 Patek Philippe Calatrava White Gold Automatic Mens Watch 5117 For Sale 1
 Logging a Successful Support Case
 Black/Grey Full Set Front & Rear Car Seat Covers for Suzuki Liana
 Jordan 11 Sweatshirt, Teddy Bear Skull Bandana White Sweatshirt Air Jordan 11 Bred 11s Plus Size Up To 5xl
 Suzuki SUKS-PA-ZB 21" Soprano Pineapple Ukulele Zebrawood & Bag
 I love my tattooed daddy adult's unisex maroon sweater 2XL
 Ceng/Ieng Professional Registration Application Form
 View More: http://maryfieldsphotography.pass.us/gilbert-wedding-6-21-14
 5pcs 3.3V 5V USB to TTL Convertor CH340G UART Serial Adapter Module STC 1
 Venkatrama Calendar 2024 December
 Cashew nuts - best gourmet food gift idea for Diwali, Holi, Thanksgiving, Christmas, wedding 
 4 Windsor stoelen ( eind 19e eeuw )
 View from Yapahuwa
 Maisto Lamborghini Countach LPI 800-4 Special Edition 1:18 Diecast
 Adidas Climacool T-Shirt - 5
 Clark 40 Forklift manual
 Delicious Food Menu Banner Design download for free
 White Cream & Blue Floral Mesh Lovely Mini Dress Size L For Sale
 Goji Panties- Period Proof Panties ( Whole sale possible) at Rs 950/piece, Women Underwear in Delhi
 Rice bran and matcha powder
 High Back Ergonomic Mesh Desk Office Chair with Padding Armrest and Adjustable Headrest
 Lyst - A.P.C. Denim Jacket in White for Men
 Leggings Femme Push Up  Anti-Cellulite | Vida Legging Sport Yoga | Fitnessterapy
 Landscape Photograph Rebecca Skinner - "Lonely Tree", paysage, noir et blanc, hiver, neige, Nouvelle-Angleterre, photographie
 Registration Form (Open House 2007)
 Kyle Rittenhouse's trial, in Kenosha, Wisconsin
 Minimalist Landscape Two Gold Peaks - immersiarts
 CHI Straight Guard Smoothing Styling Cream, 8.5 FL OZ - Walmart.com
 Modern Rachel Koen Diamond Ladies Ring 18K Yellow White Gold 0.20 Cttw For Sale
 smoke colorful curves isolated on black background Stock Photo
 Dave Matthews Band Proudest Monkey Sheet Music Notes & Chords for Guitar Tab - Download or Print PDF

+===+

TASK —
Considering only the material above, set down every line from the one with "Adidas Climacool T-Shirt - 5" to the one with "Goji Panties- Period", inclusive, exactly as written.

RESPONSE AREA —
 Adidas Climacool T-Shirt - 5
 Clark 40 Forklift manual
 Delicious Food Menu Banner Design download for free
 White Cream & Blue Floral Mesh Lovely Mini Dress Size L For Sale
 Goji Panties- Period Proof Panties ( Whole sale possible) at Rs 950/piece, Women Underwear in Delhi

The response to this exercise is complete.